Features V1, V2, … V28 are the principal components obtained with PCA, the only features which have not been transformed with PCA are ‘Time’ and ‘Amount’. Feature ‘Time’ contains the seconds elapsed between each transaction and the first transaction in the dataset.
The feature ‘Amount’ is the transaction Amount, this feature can be used for example-dependant cost-sensitive learning. Feature ‘Class’ is the response variable and it takes value 1 in case of fraud and 0 otherwise.
Accuracy of the model
Given the class imbalance ratio, It is recommended to measure the accuracy using the Area Under the Precision-Recall Curve (AUPRC). Confusion matrix accuracy is not meaningful for unbalanced classification. that Area Under the Precision-Recall Curve (AUPRC)
I have captured AUC here for this article for explanation purposes.
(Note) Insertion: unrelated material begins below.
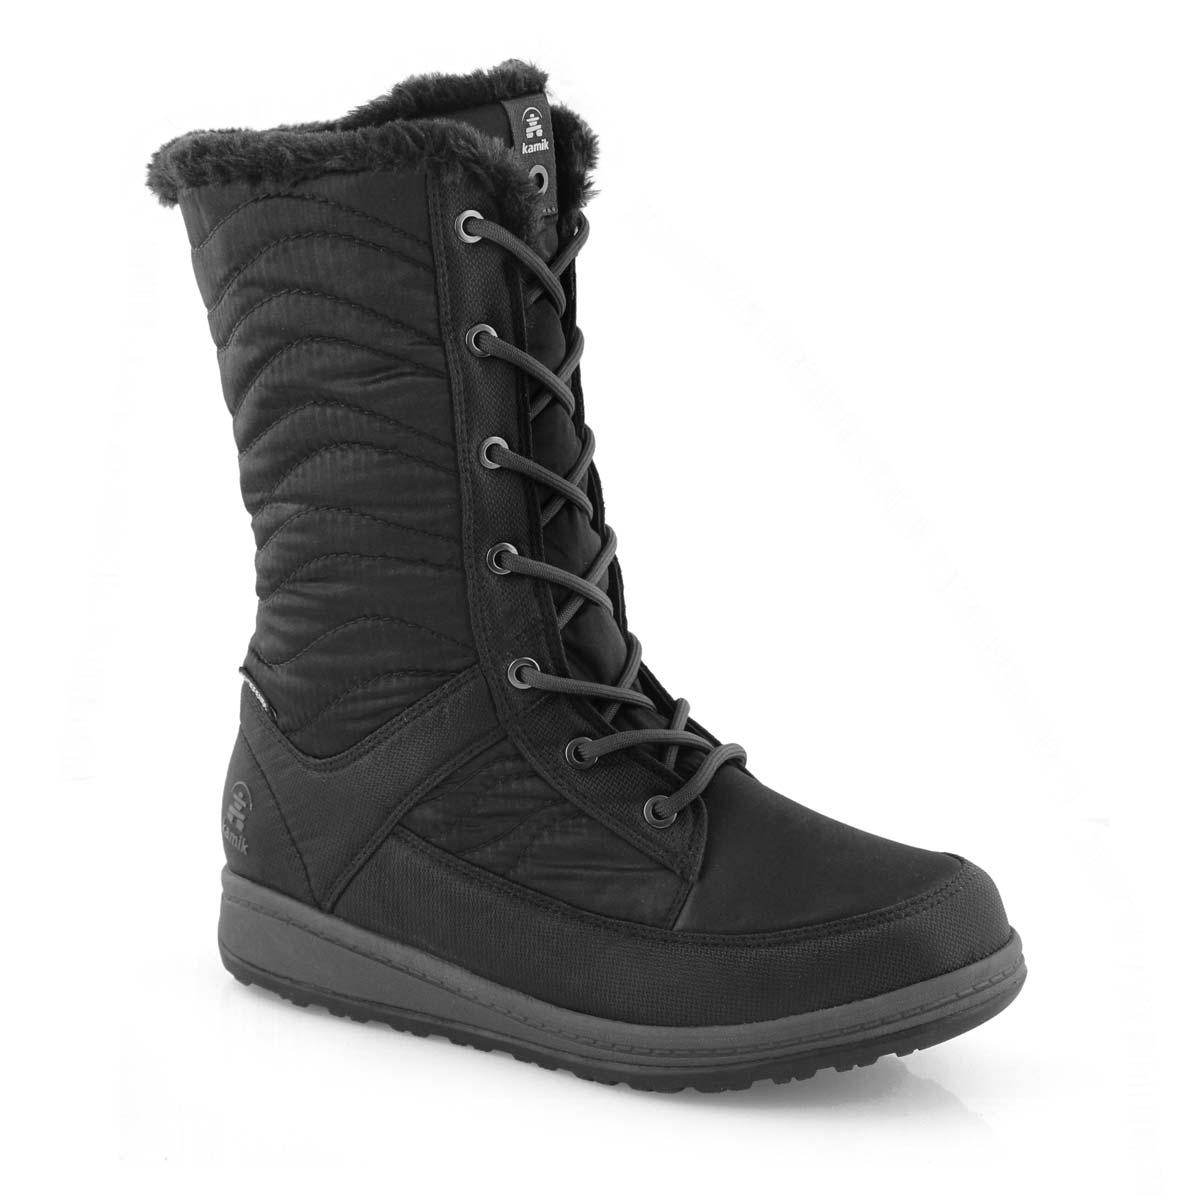 WOMENS Kamik Bailee Black Winter Boots New In

Load Libraries & Read Data
library(tidyverse) # metapackage with lots of helpful functions
library(lightgbm) # loading LightGBM
library(pROC) # to use with AUC
library(smotefamily) #create SMOTE dataset
library(RColorBrewer)#used for chart
library(scales) #used for chart
Reading the data and a quick check shows that the data is imbalanced as claimed with >99% data tagged as not fraud and <1% tagged as fraud transactions.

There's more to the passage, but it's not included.